Russia joined these efforts, having experienced a significant increase in infection rates per 100,000 people since 1993 (1993: 22.4, 1994: 26.8, 1995: 35.4, 1996: 40.0). In 1998, a new calendar of prophylactic immunizations was implemented based on the Ministry of Health Order No. 375 dated 18 December 1997, for the first time including vaccination of newborns against HB. Immunization of adolescents at 13 years of age was added to the schedule in 2001. Mass immunization of the Russian population was started as part of a nationwide program on 1 January 2006. 7 January 2010, a total of 45 million adults aged 18–59 were immunized, constituting almost 1/2 of the entire adult population of Russia [2].
HB immunization in children under 1 year old in Russia is performed in three doses: the first dose is injected within 24 hours of birth (in maternity hospitals), the other two doses are administered at 1 and 6 months.

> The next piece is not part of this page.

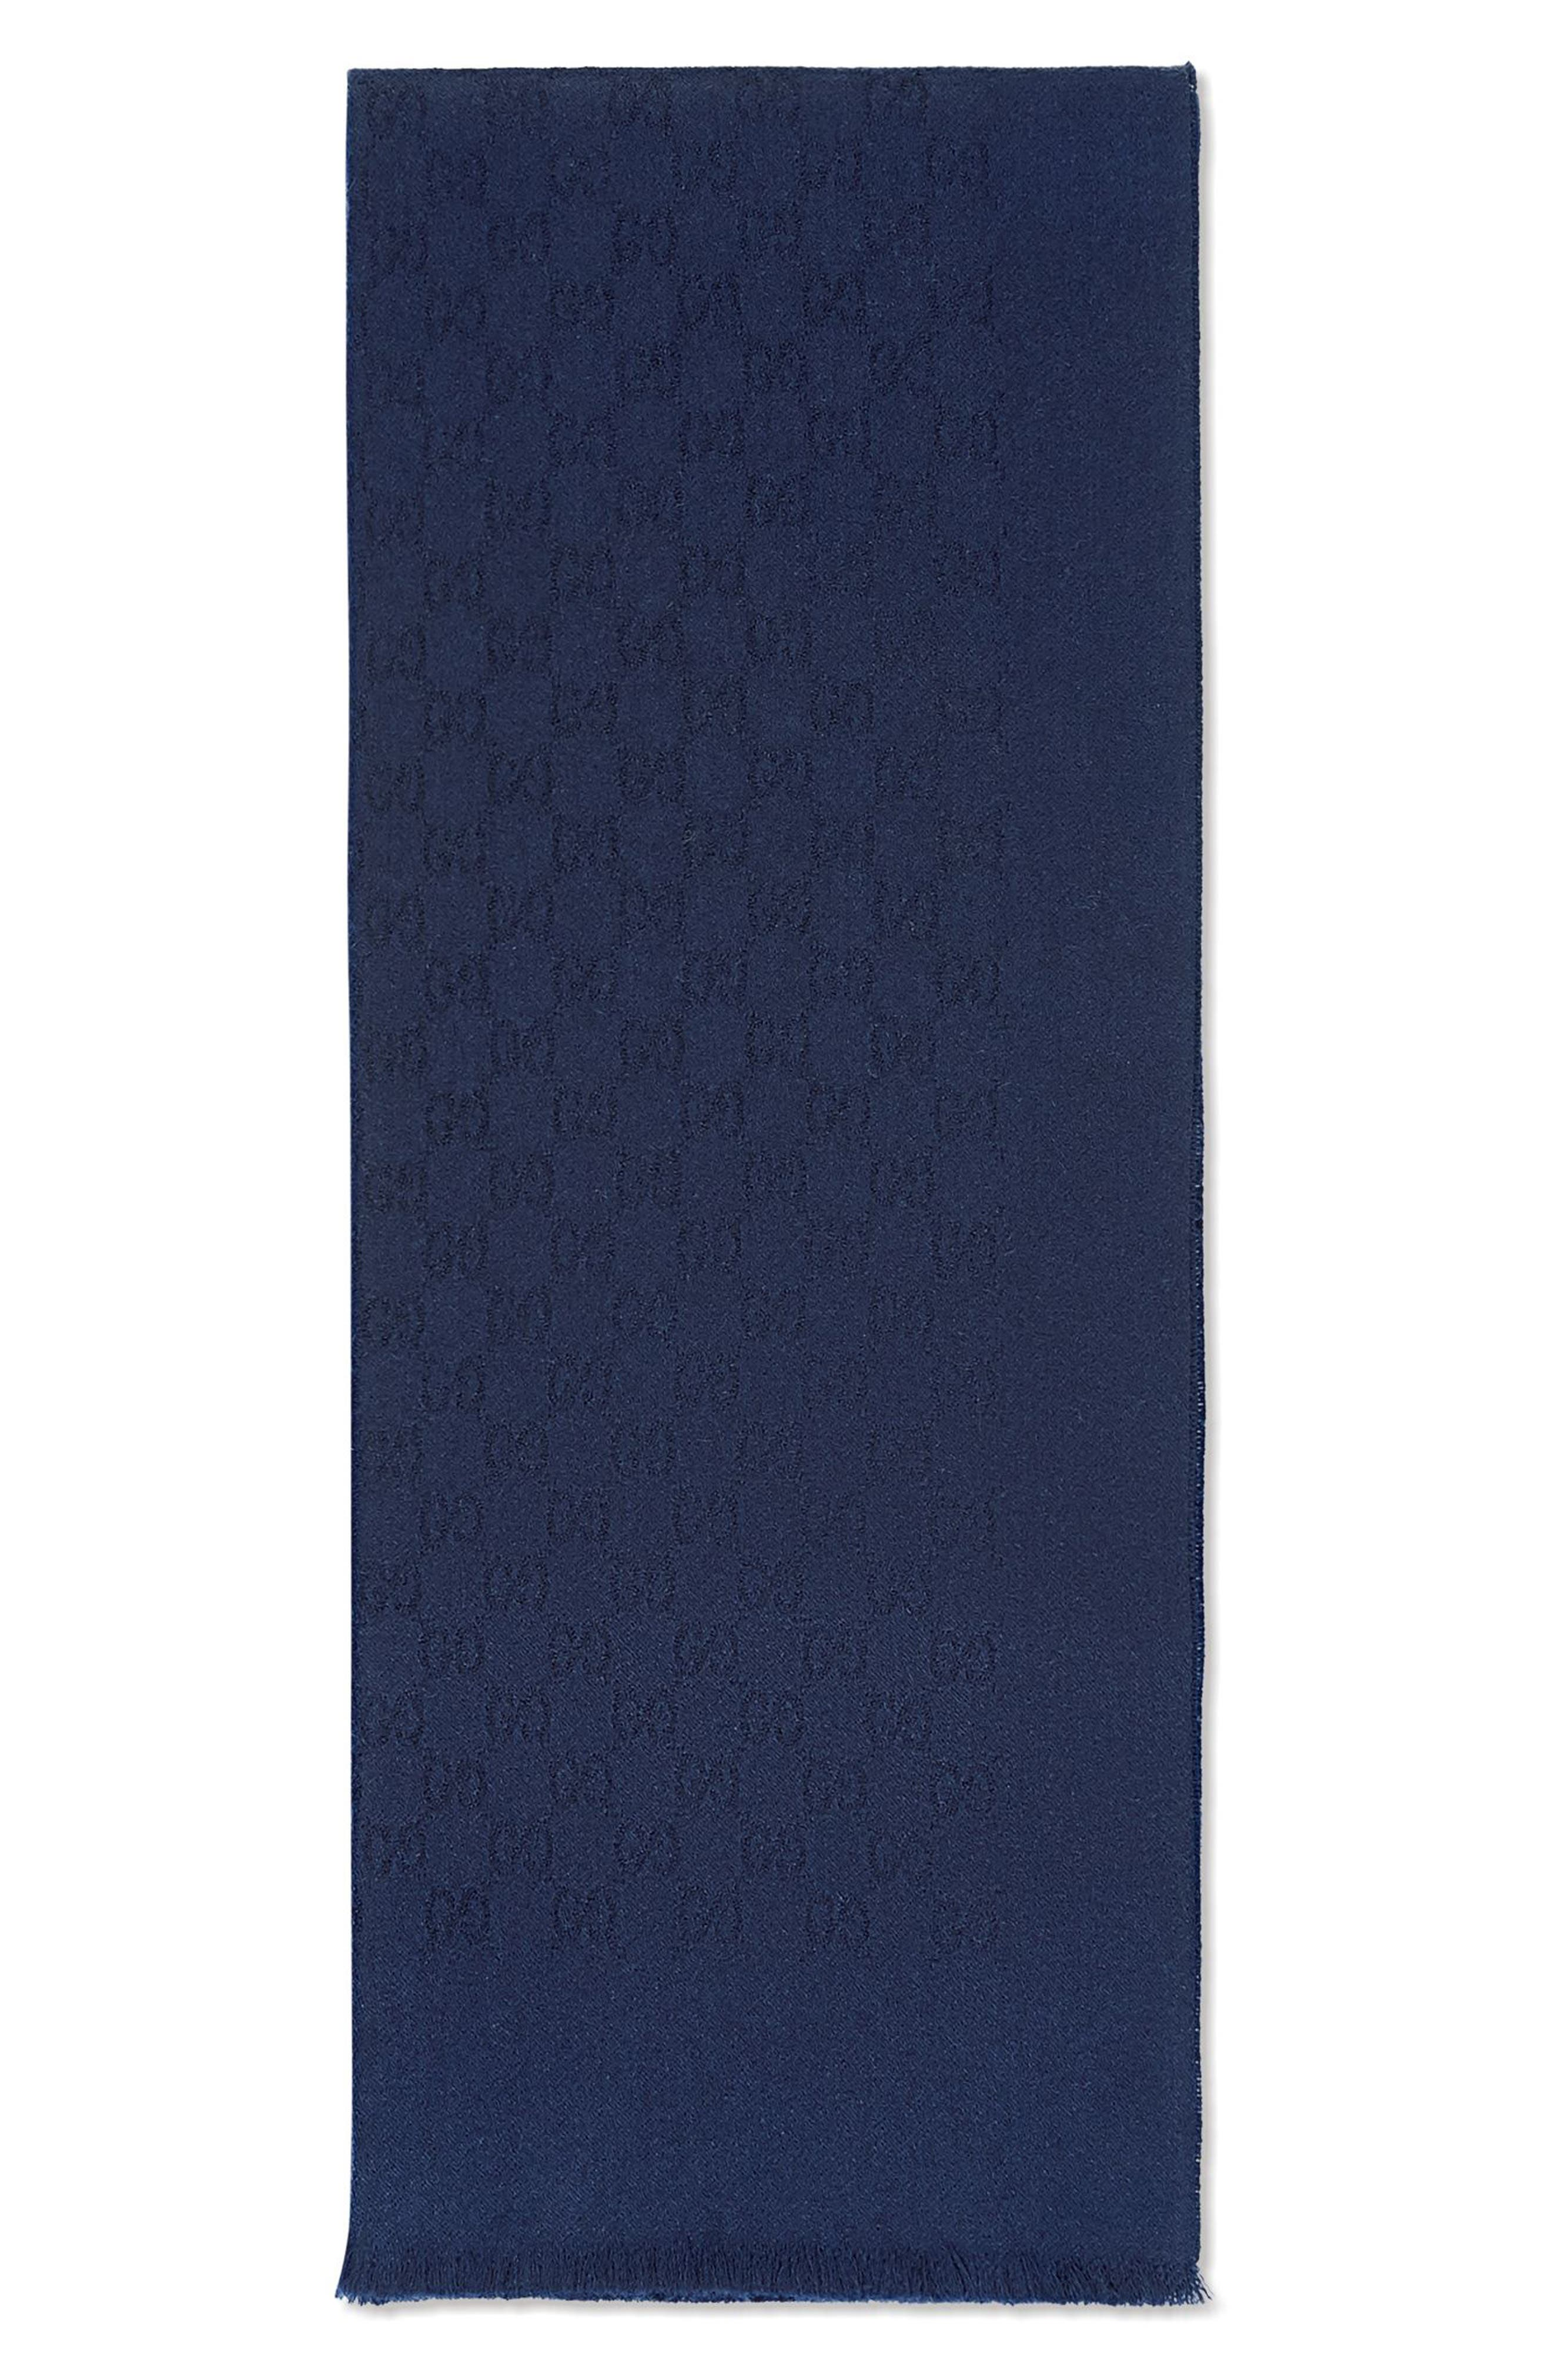 GG Gem Lux Jacquard Cashmere Scarf,                             Main thumbnail 1, color,                             4000 Midnight Blue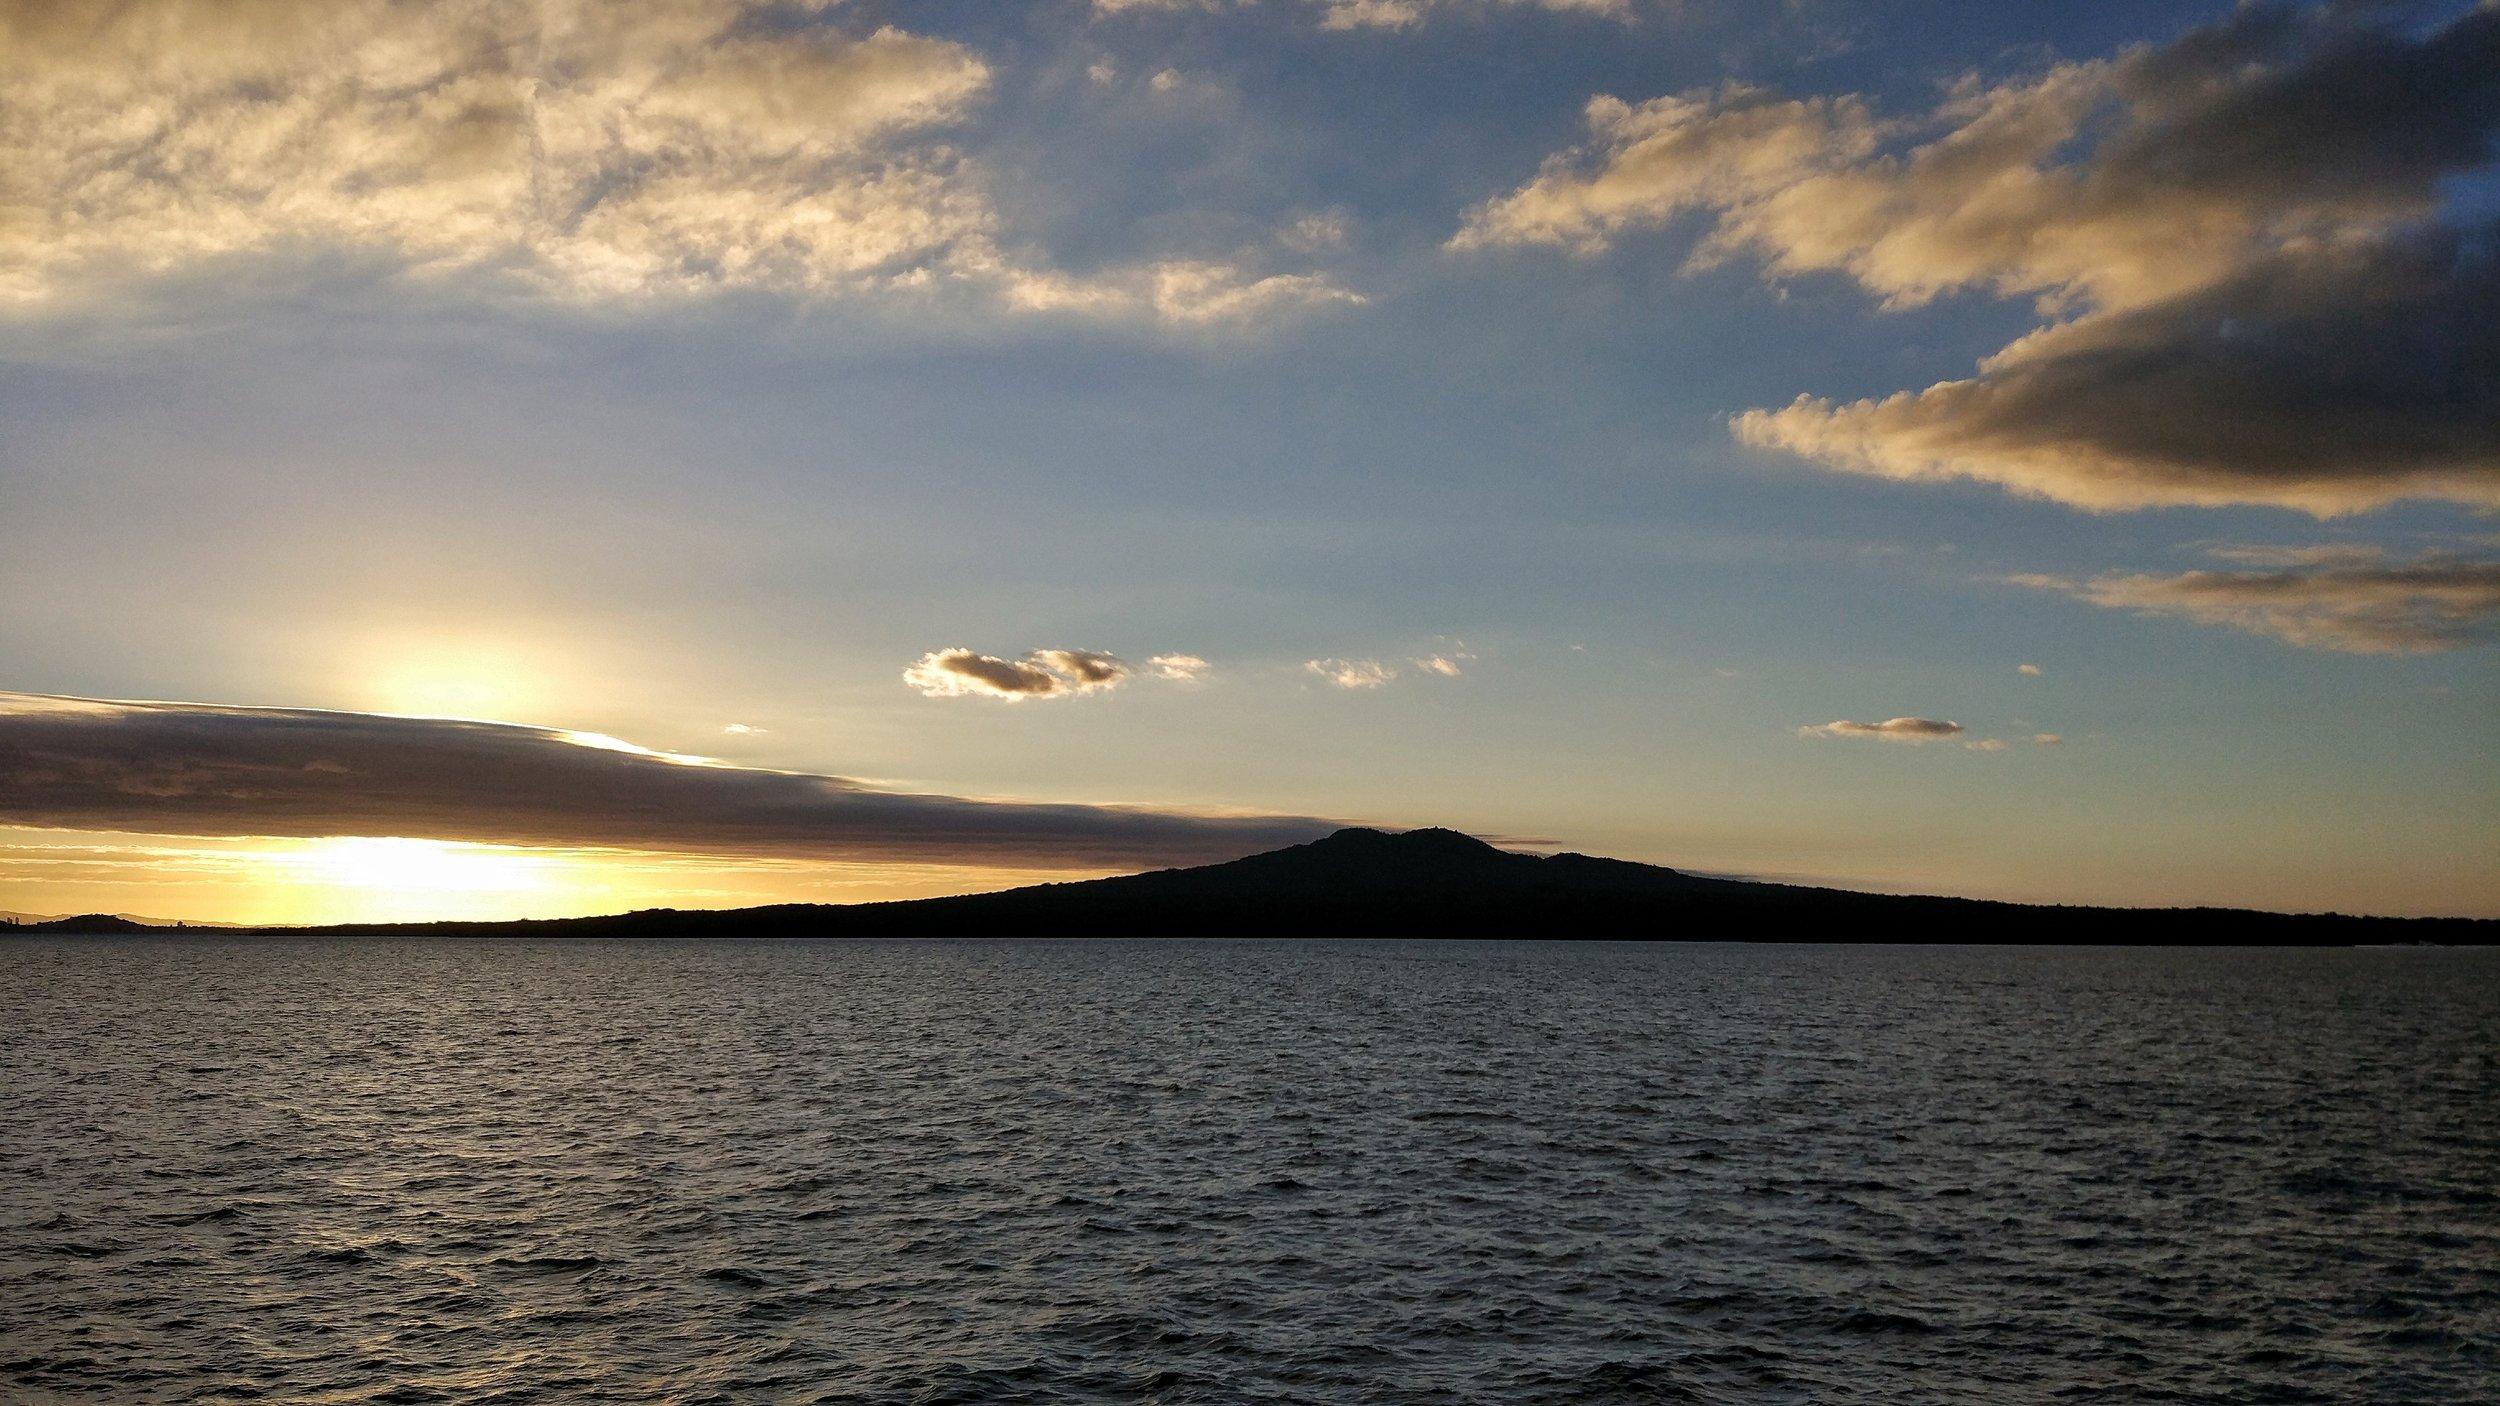 Rangitoto Island looking pretty at sunset

In 2008, 10 years after the start of the HB vaccination campaign in Russia, the incidence of acute hepatitis B (AHB) was 4.0 per 100,000 people, further declining to 1.3 per 100,000 by 2014. However, the incidence of chronic hepatitis B (CHB) in Russia remains a source of concern: incidence of CHB in 2008 was 14.2 per 100,000 people, and in 2014, 11.3 per 100,000 [3]. This indicates a persistent, substantial reservoir of the infection. Nonetheless, data on the prevalence of HBV in the general population in the context of universal vaccination are scarce.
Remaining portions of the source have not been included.